LINK: How Britain should promote assimilation - Alex Epstein, Ayn Rand Institute
Schools told: Ban the veil - Daily Express

RELATED: Politics-UK, Multiculturalism, Education, Religion, Political Correctness


  1. "which means that since there's no private property argument to which to repair"

    Yes there is, the Government owns the schools, so it can set the rules. The schools (and hospitals etc etc) are the British Government's private property.

  2. I think you're missing the point of the post, Eric.

    'The Government' qua property-ownership doesn't exist.

    'The Government' is everyone and no-one, but as long as everyone is required (by force) to pay for such bogus 'ownership' then people will continue paying for opinions which they themselves find odious, nd those who wish to impose their own opinions will continue to try and seize the un-owned for their own ends.

  3. ...But there is another point to be made.

    There is something barbaric about wanting to veil yourself, or being forced by religion to veil yourself....

    And PC's agenda floats to the surface.

    By the way PC, you do realise that there are in fact private schools that British parents can send their kids to if they wish. In true libertarian style they can vote with their pocket if they care so much.

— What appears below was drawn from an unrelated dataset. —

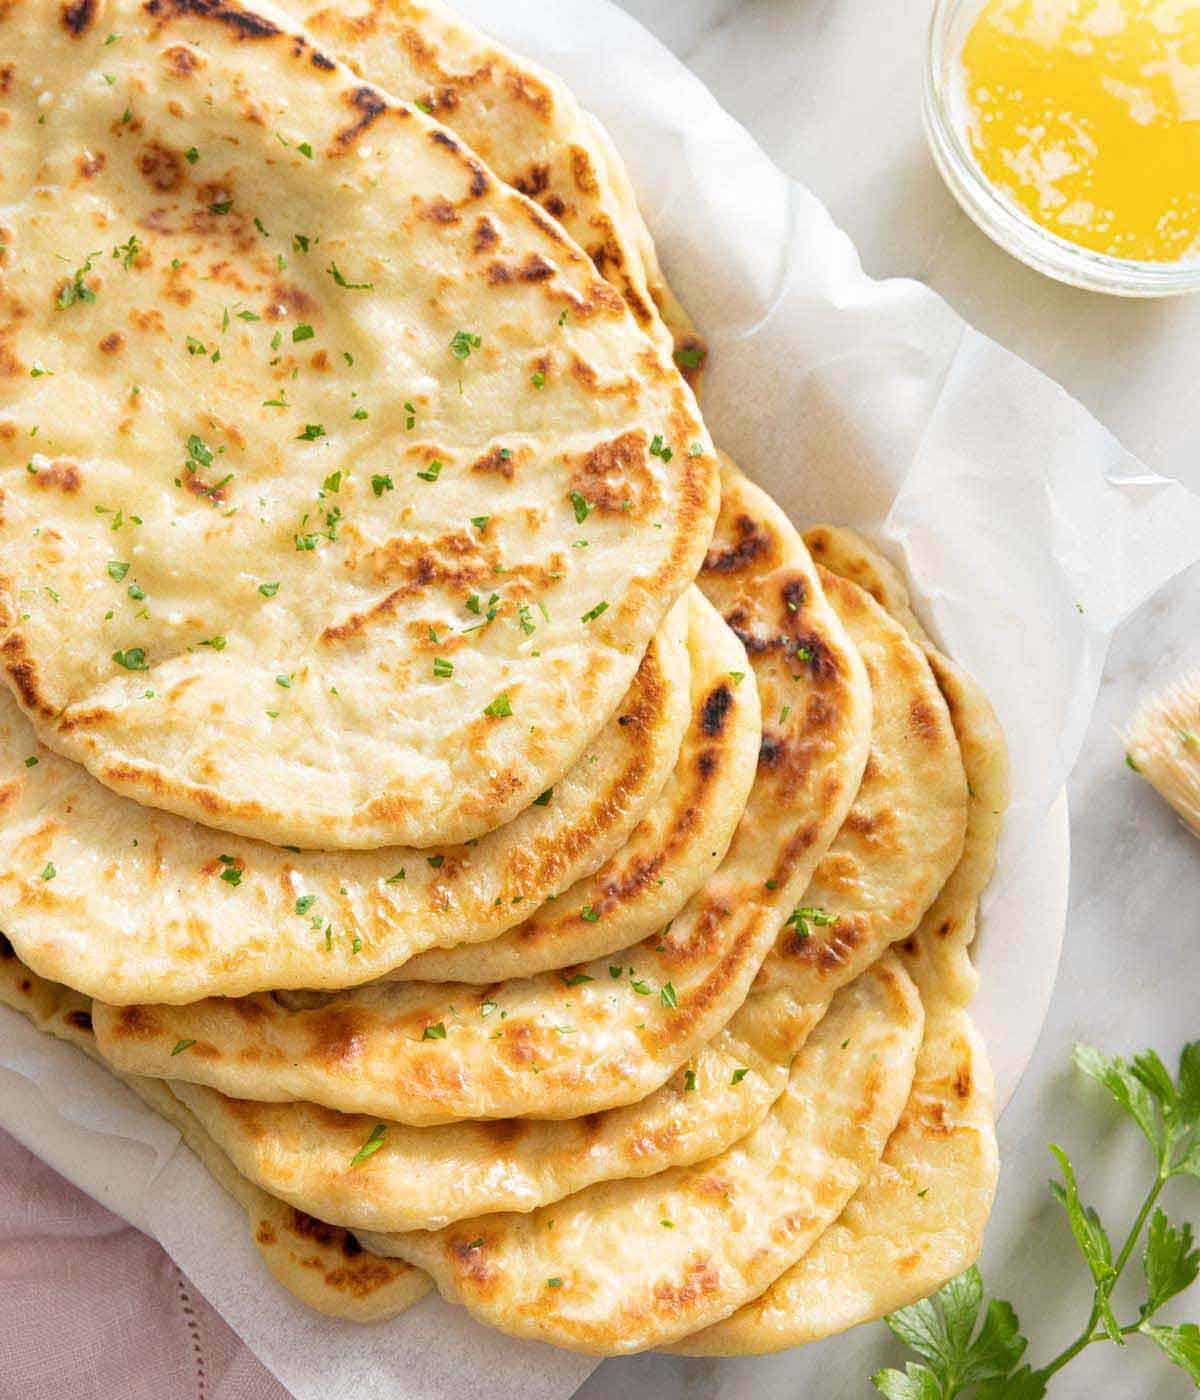 A stack of naan bread in a parchment lined platter.
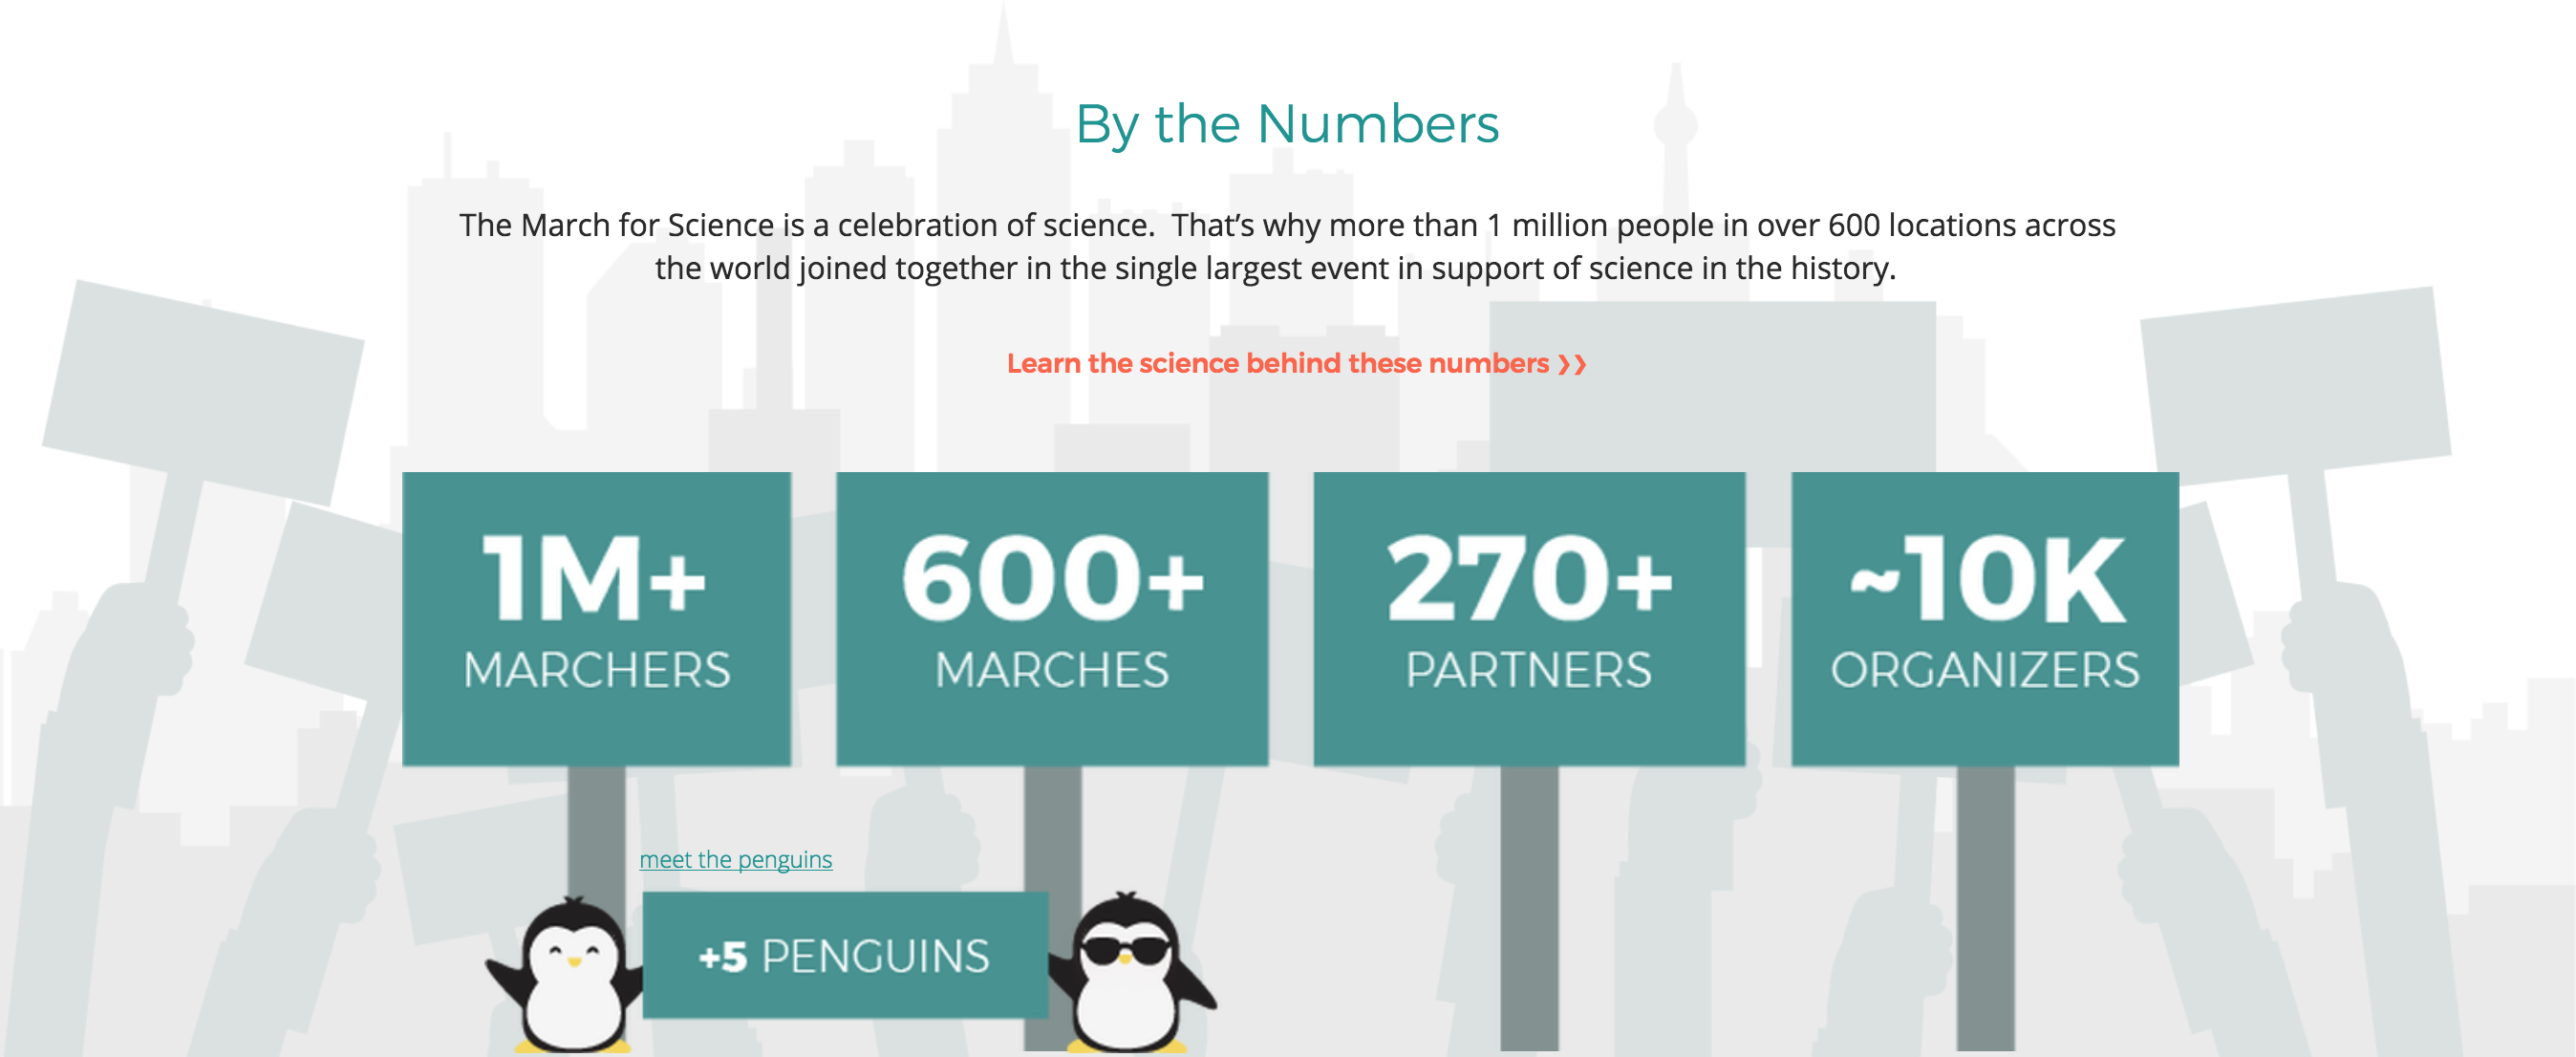 Copy of infographic from March for Science website in 2017.

    To lay out my cards, I agree that I find naqibs (naqeeb? naqiib? *shrug*) unsettling - but fashion, if anything, is relative. And yes, it is just fashion.

  4. Let me clarify - fashion is dictated by many things, most of them irrational. Religion is just one factor that has a huge influence. The point is that getting hyped up about what people wear is a waste of time - better to focus on what people think.

  5. And hell, I wonder if any of the parents who are so worried have actually sat down with the teacher and had a chat to find out what she's like. That's why my parents did when I was in school and they wanted to know what the teachers were like.

  6. The problem with the niqab is it is representitive of other things and people understand this, even if sometimes only sub-consciously.

    They recognize the lack of freedom inherent in unreformed Islam and it is very, very scary in many ways.

    Ordinary folk see this clearly but it takes University educated "intellectuals" with a few PHD's in "third-world non-judgementalism" to deny the obvious.

  7. Facial expression the ability to see someones face is an important part of commmunication. Ever actually talked to someone ins an full face veil Polemic? It is unsettling in the extreme. You are not sure who you are talking to. It is barbaric and is more than merely a fashion statement.